It is ok to compute '- 1' and "+ 1" under the original shorter type.
And it is ok if computing "n - 1" under original type and computing
"+ 1" under larger mode.
But it is not ok to compute both "- 1" and "+ 1" in large mode.
As discussed previously: when 'n - 1' is U*_MAX (original short MAX),
'(n - 1) + 1' becomes zero. And the step for doloop is -1; then,
on the larger type 'zero - 1' will be a very large number.
It is ok: Original
unsigned char doloop.5;
# doloop.5_4 = PHI <n_2(D)(2), doloop.5_6(5)>
doloop.5_6 = doloop.5_4 - 1;
it would be error if:
doloop.5_7 = (long unsigned int) n_2(D);
# doloop.5_4 = PHI <doloop.5_7(2), doloop.5_6(5)>
doloop.5_6 = doloop.5_4 - 1;
>>> >
>>> > Is this pre-loop extra add really offsetting the in-loop doloop
>>> > improvements?
>>> I'm not catching this question too much, sorry. I guess your concern
>>> is if the "+1" is an offset: it may not, "+1" may be just that doloop.xx
>>> is decreasing niter until 0 (all number >0).
>>> If misunderstand, thanks for point out.
>>
>> I'm questioning the argument that not being able to eliminate the +1-1
>> pair effects the overall cost improvement for the doloop IV type change
>> which hopefully is _not_ just loop IV setup cost but improving
>> performance in the loop body itself?
> Yes, I think so.

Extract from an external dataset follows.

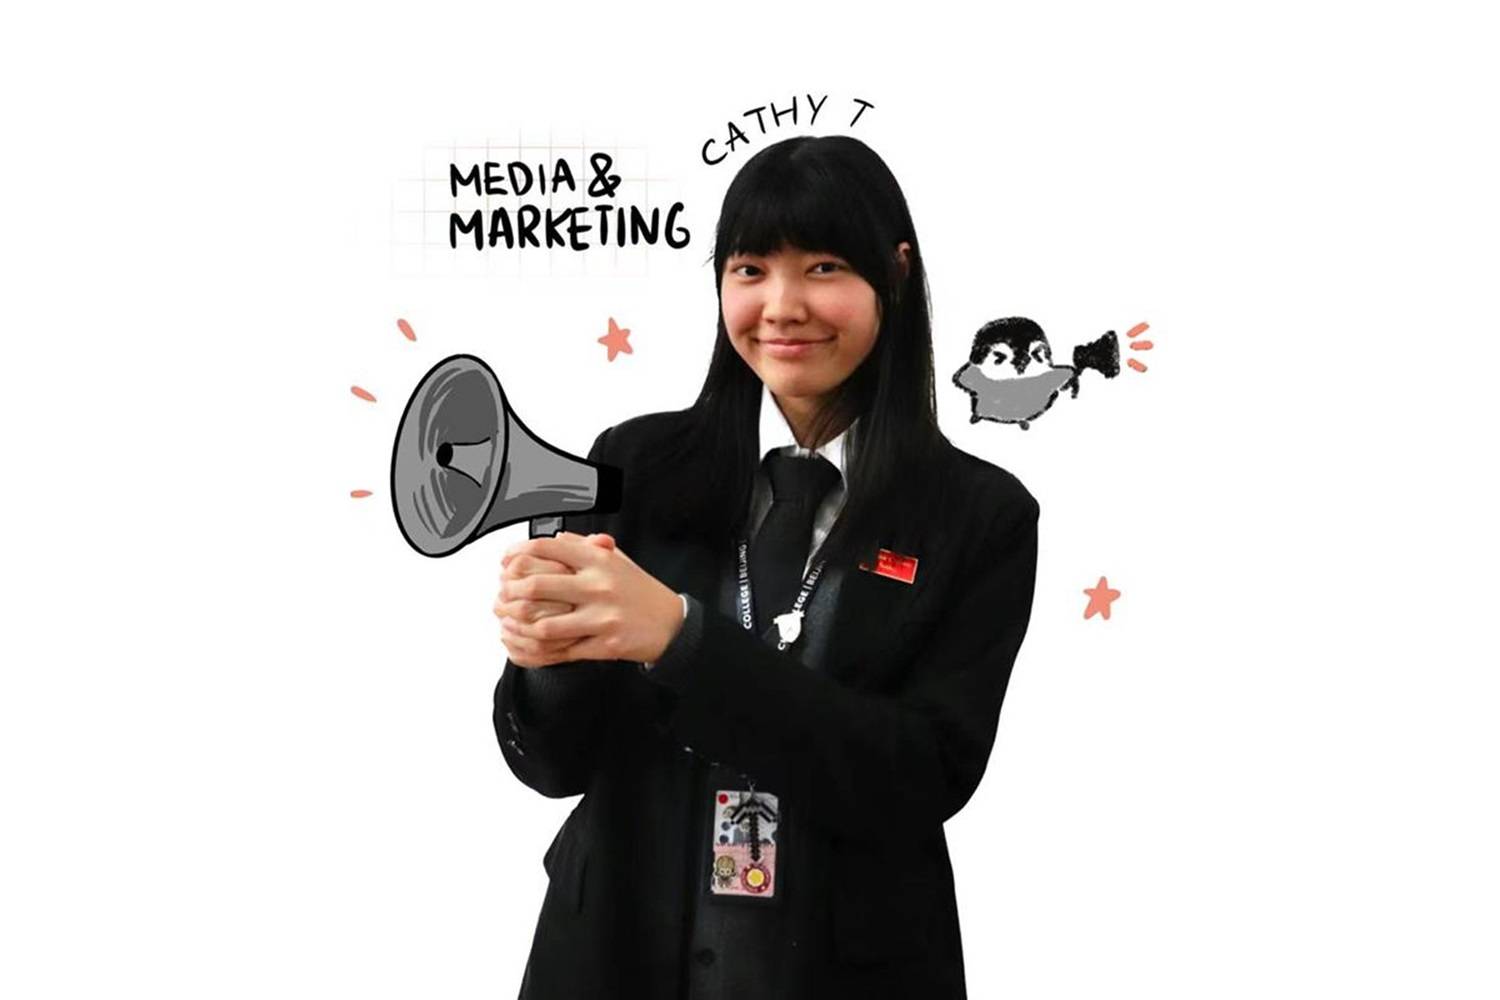 Media & Marketing Prefects: Cathy T

It would affect doloop IV setup cost, it may also affect
> loop itself on some targets, if the target prefers a changed type:
> using one jump-counter instruction for wider type, but cmp/jump instructions
> for other types.
> If the loop is nested in outer-loop, eliminating +1-1 would improving
> outer-loop performance.